Buffer effects on electric signals of light-excited bacteriorhodopsin.

作者信息

Tóth-Boconádi R, Dér A, Keszthelyi L

机构信息

Institute of Biophysics, Biological Research Centre of the Hungarian Academy of Sciences, Szeged H-6701, Hungary.

出版信息

Biophys J. 2000 Jun;78(6):3170-7. doi: 10.1016/S0006-3495(00)76853-6.

DOI:10.1016/S0006-3495(00)76853-6
PMID:10827993
原文链接:https://pmc.ncbi.nlm.nih.gov/articles/PMC1300898/
Abstract

Buffers change the electric signals of light-excited bacteriorhodopsin molecules in purple membrane if their concentration and the pH of the low-salt solution are properly selected. "Positive" buffers produce a positive component, and "negative" buffers a negative component in addition to the signals due to proton pumping. Measurement of the buffer effects in the presence of glycyl-glycine or bis-tris propane revealed an increase of approximately 2 and a change of sign and a decrease to approximately -0.5 in the translocated charge in these cases, respectively. These factors do not depend on temperature. The Arrhenius parameters established from the evaluation of the kinetics indicate activation enthalpies of 35-40 kJ/mol and negative activation entropies for the additional signals. These values agree with those found by surface-bound pH-sensitive probes in the search of the timing of proton release and uptake.
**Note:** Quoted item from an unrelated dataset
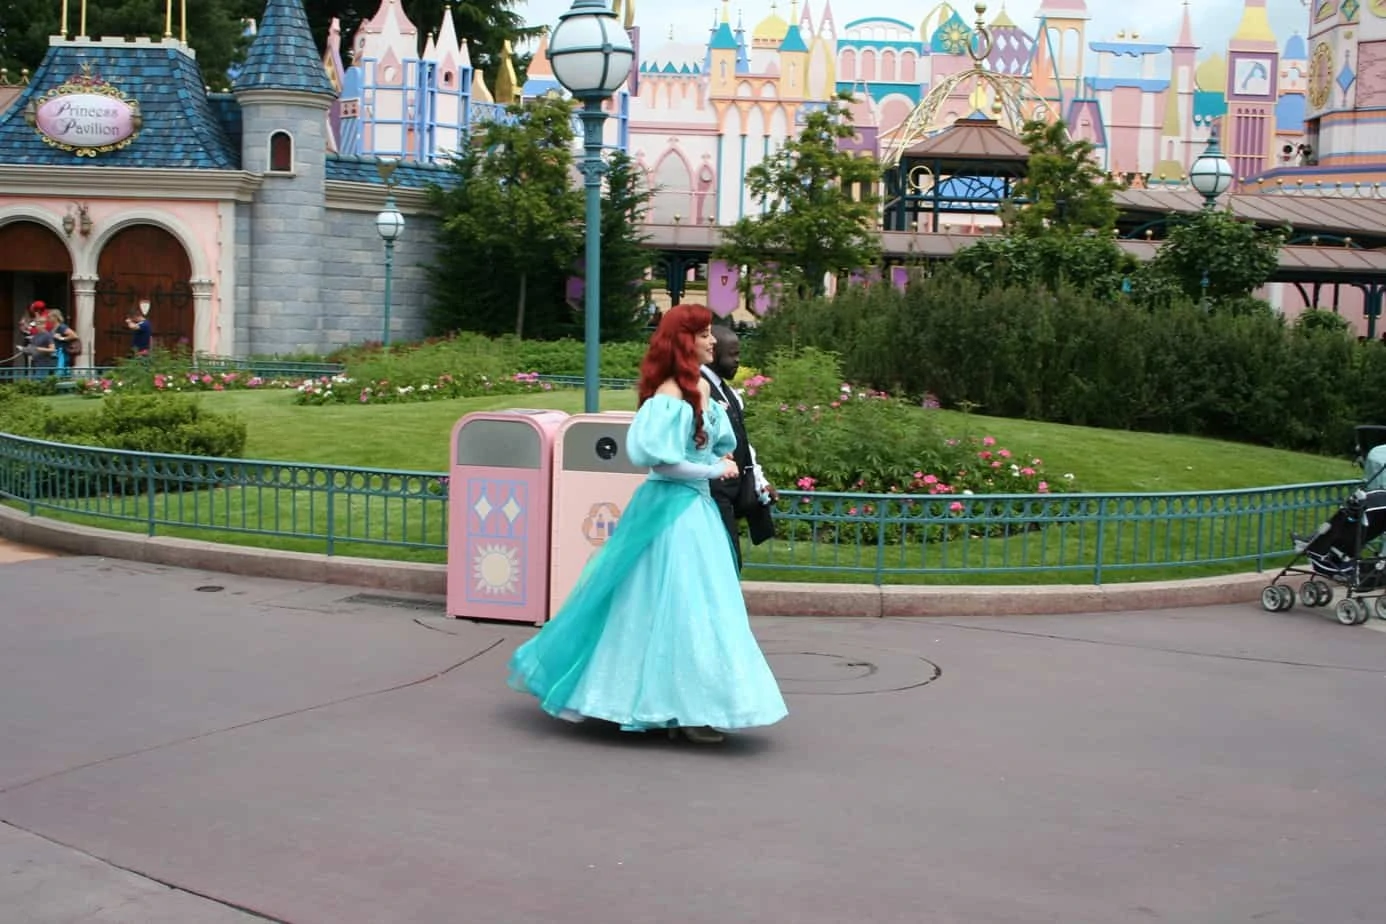 Disney prinsessen in het Disneyland Park

The electric signals were also measured in the case of D(2)O solutions with similar results, except for the increased lifetimes. We offer a unified explanation for the data obtained with surface-bound probes and electric signals based on the clusters at extracellular and cytoplasmic sites of bacteriorhodopsin participating in proton release and uptake.

摘要

如果适当选择缓冲液的浓度和低盐溶液的pH值,缓冲液会改变紫膜中光激发细菌视紫红质分子的电信号。“正”缓冲液除了产生质子泵引起的信号外,还会产生一个正分量,而“负”缓冲液会产生一个负分量。在甘氨酰甘氨酸或双三羟甲基氨基甲烷存在下测量缓冲液效应,结果显示在这些情况下,转移电荷量分别增加约2、符号改变并降至约-0.5。这些因素与温度无关。通过动力学评估确定的阿伦尼乌斯参数表明,额外信号的活化焓为35 - 40 kJ/mol,活化熵为负。这些值与表面结合的pH敏感探针在寻找质子释放和摄取时间时所发现的值一致。在重水溶液的情况下也测量了电信号,除了寿命增加外,结果相似。我们基于细菌视紫红质细胞外和细胞质位点参与质子释放和摄取的簇,对通过表面结合探针和电信号获得的数据提供了统一的解释。